I strive to illustrate and help Roxie realize that girls can do motha-effin’ anything.

I asked her recently if there was anything she thought girls couldn’t do. She said no.

I want her to have that answer for the rest of her life.

So, to that effect, we’ve featured some kick-ass women throughout these pages. We start it off with whale expert Lindy Weilgart – she grew up in Decorah and graduated from Luther, and is now one of the leading scientists in the field of sperm whale communication.

Brittany Todd shares with us her mad life skills for the Sum of Your Business. She’s been capturing memories for folks for nearly seven years through Photography by Brittany, and gives us the low-down on home office vs. downtown office.

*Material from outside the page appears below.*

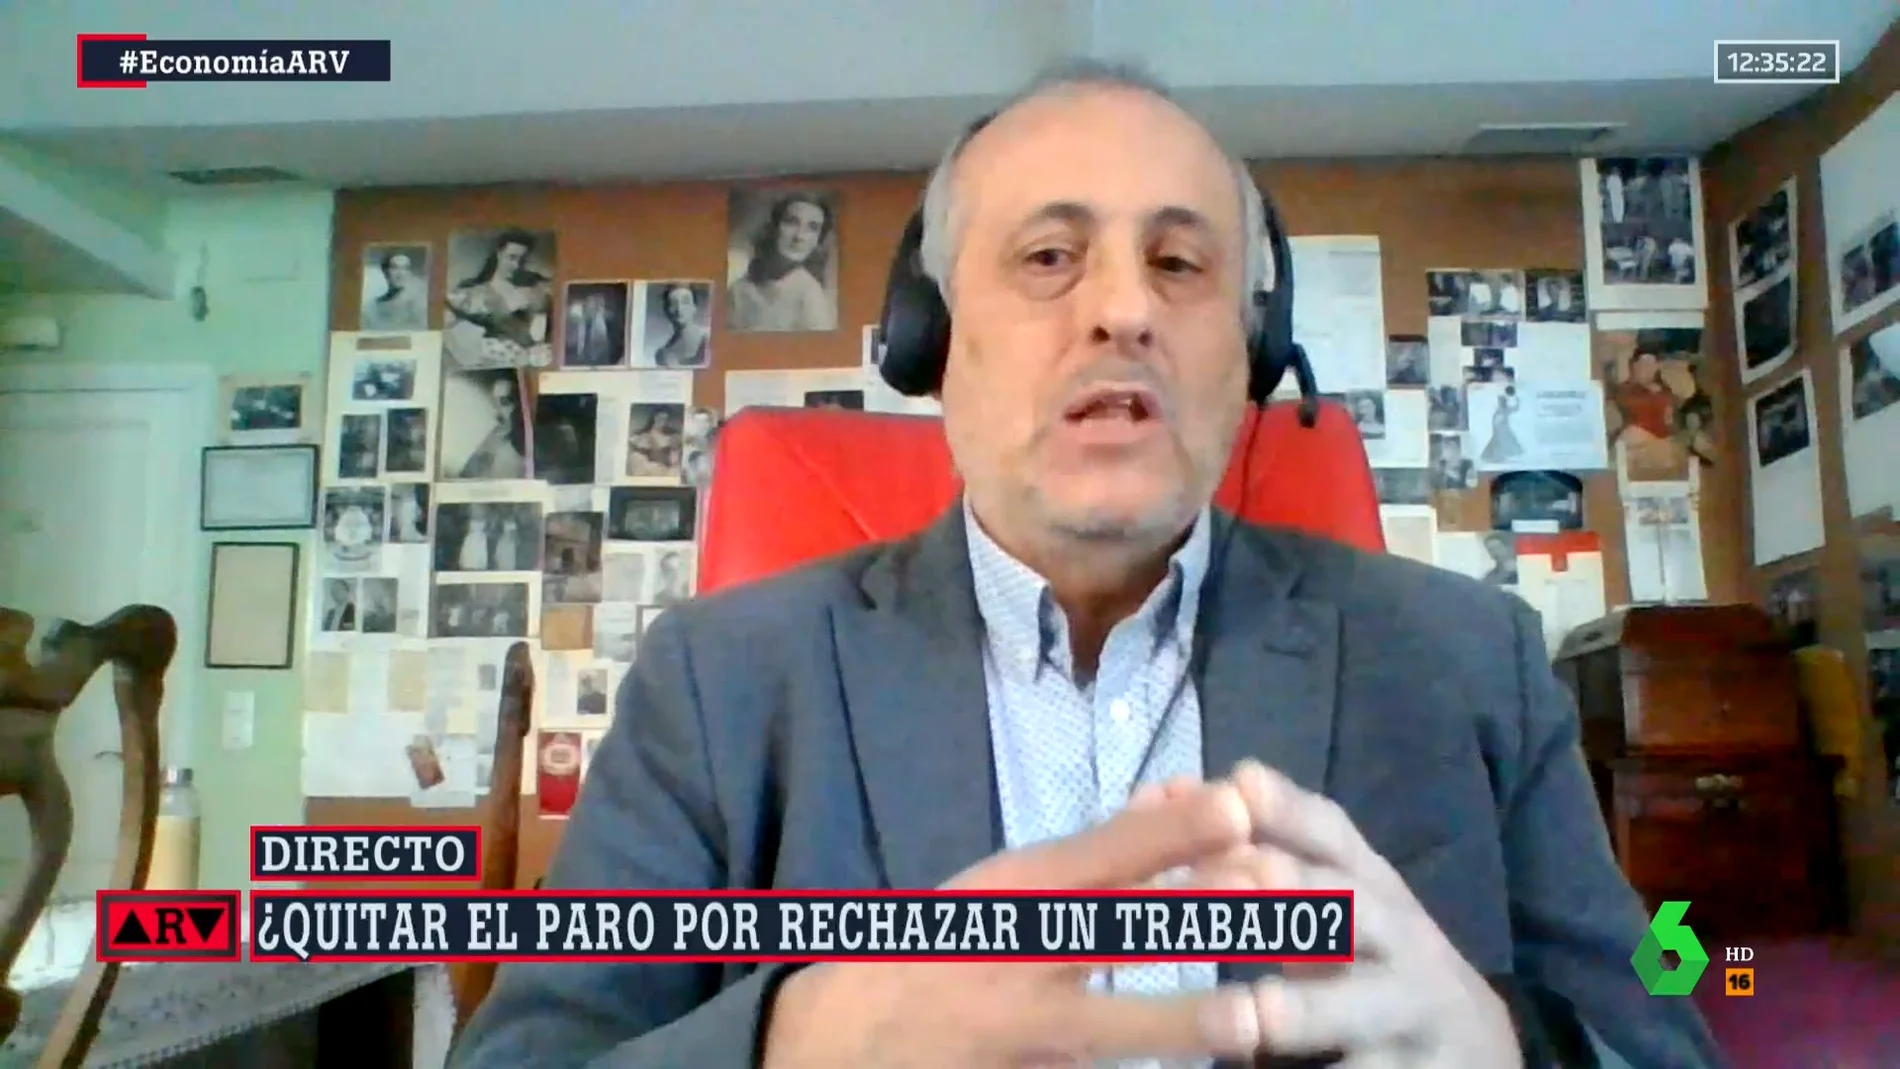 Alejandro Inurrieta, en contra de retirar el paro a quien rechace un empleo: "Hay que ser respetuoso con quienes necesitan salarios dignos"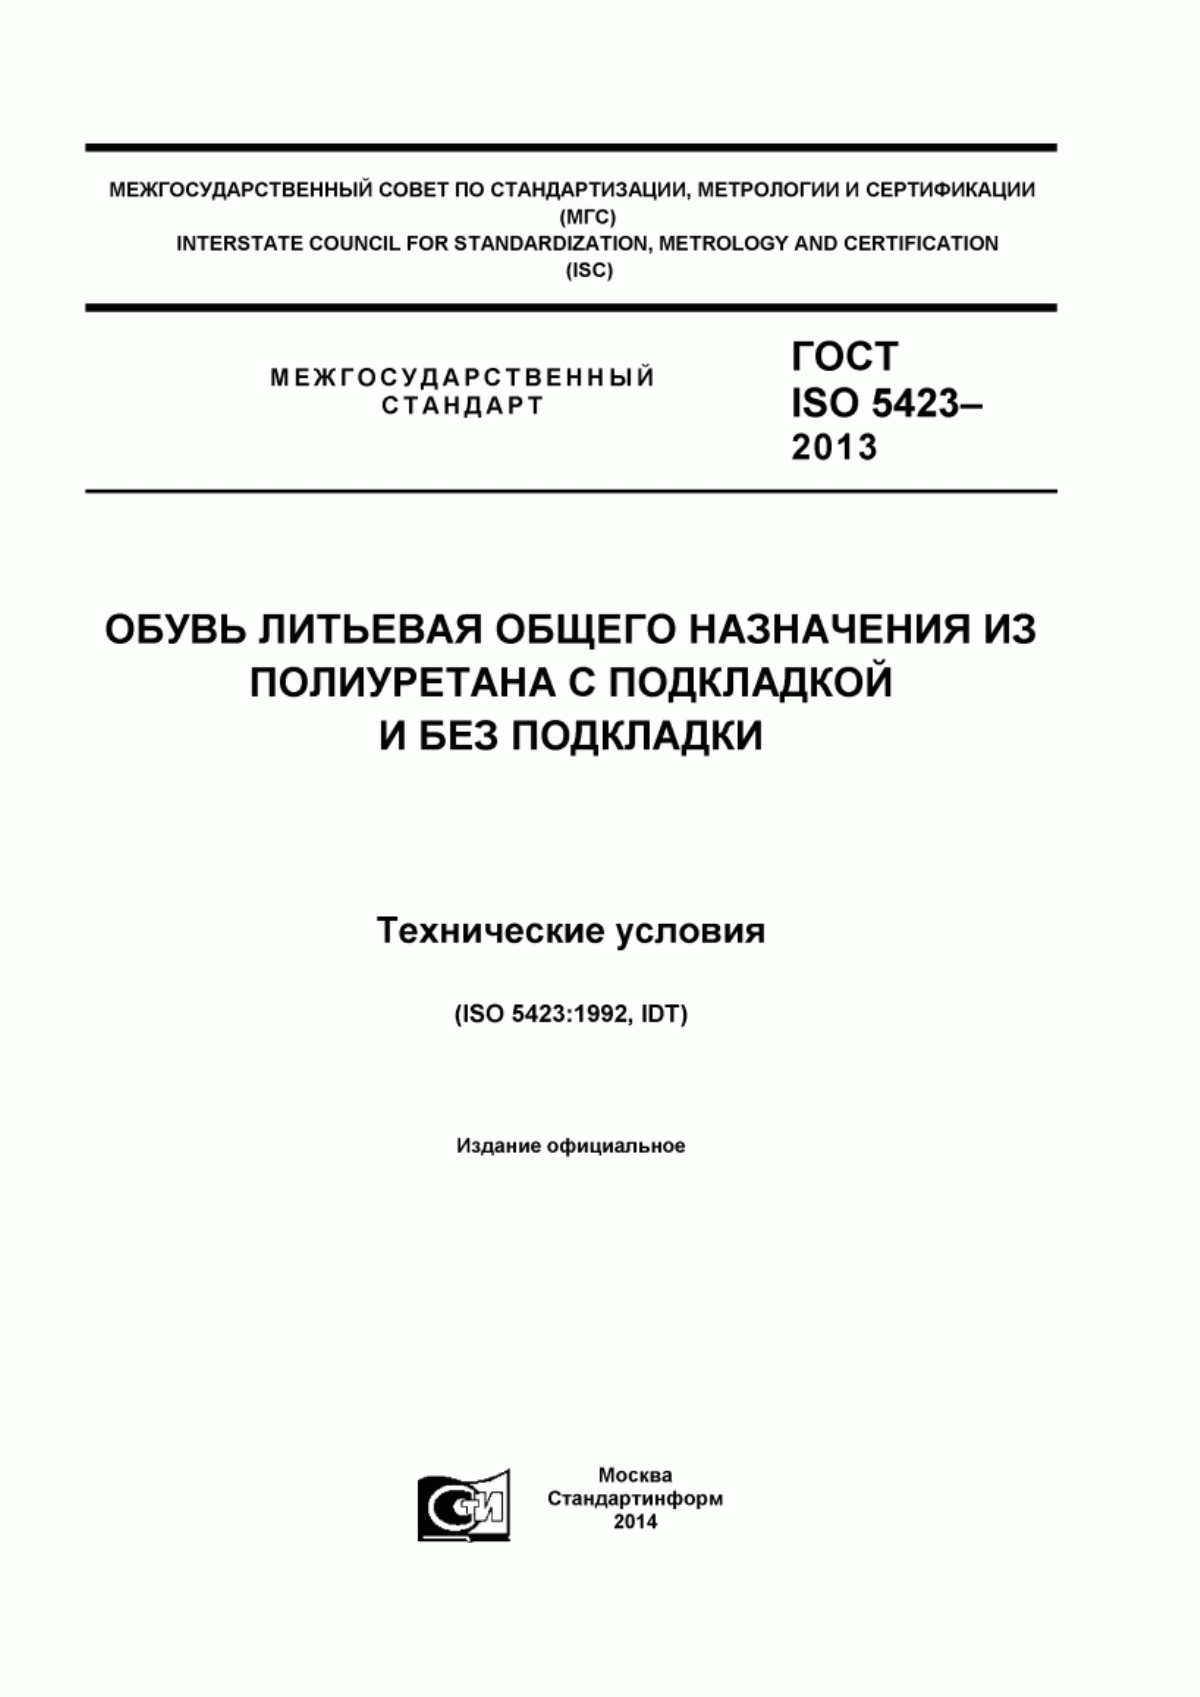 ГОСТ ISO 5423-2013 Обувь литьевая общего назначения из полиуретана с подкладкой и без подкладки. Технические требования

I had the pleasure of interviewing some super rad female mountain bikers from all around the Driftless Region – from Lake Mills to Minneapolis to La Crosse, and right here in Decorah. I am seriously inspired and can’t wait to hit the trails. For real. Plus, I learned some really cool info about high school cycling leagues and hope I can get Roxie interested some day!

The ever-talented Kristin Anderson is back again with an awesome paper project: rad awards. You can give these to the women (or men, or kids, or grandparents) in your life at any point. Congratulate them on passing a test, or for totally adulting, or being the best friend ever. Just have fun.

Kristine Jepsen writes about Hannah Breckbill and Humble Hands Farm. They overcame last year’s flood and are now planting the seeds for not only their farm, but community growth too.

And Sara Friedl-Putnam interviewed Decorah native and now New York-living pastry chef Anna Bolz. Anna works at renowned restaurant, Per Se, where she concocts desserts of amazing levels of deliciousness.

In the “empower my girl” category, I put together an infographic to offer us some ideas – from reading books by awesome female authors to just being confident in yourself.

Of course, our probituary, Sarah Andersen, is an inspiring woman too – I just loved her story. Plus, throughout the whole magazine are wonderful short stories submitted by all you lovely readers. Yep, you shared tales about inspiring women in your lives, and we got them all bundled up like little love notes. Just thinking about them makes me happy!

So enjoy, my friends. Say “Happy Women’s Day” March 8. Say “Thanks” to your mom. Say, “You’re amazing,” to your wife, partner, or best friend. Every day, let’s work to bring more light into the world, like a burgeoning spring season. After a while, you’ll realize – one day – that it’s 7 pm… and it’s still light out.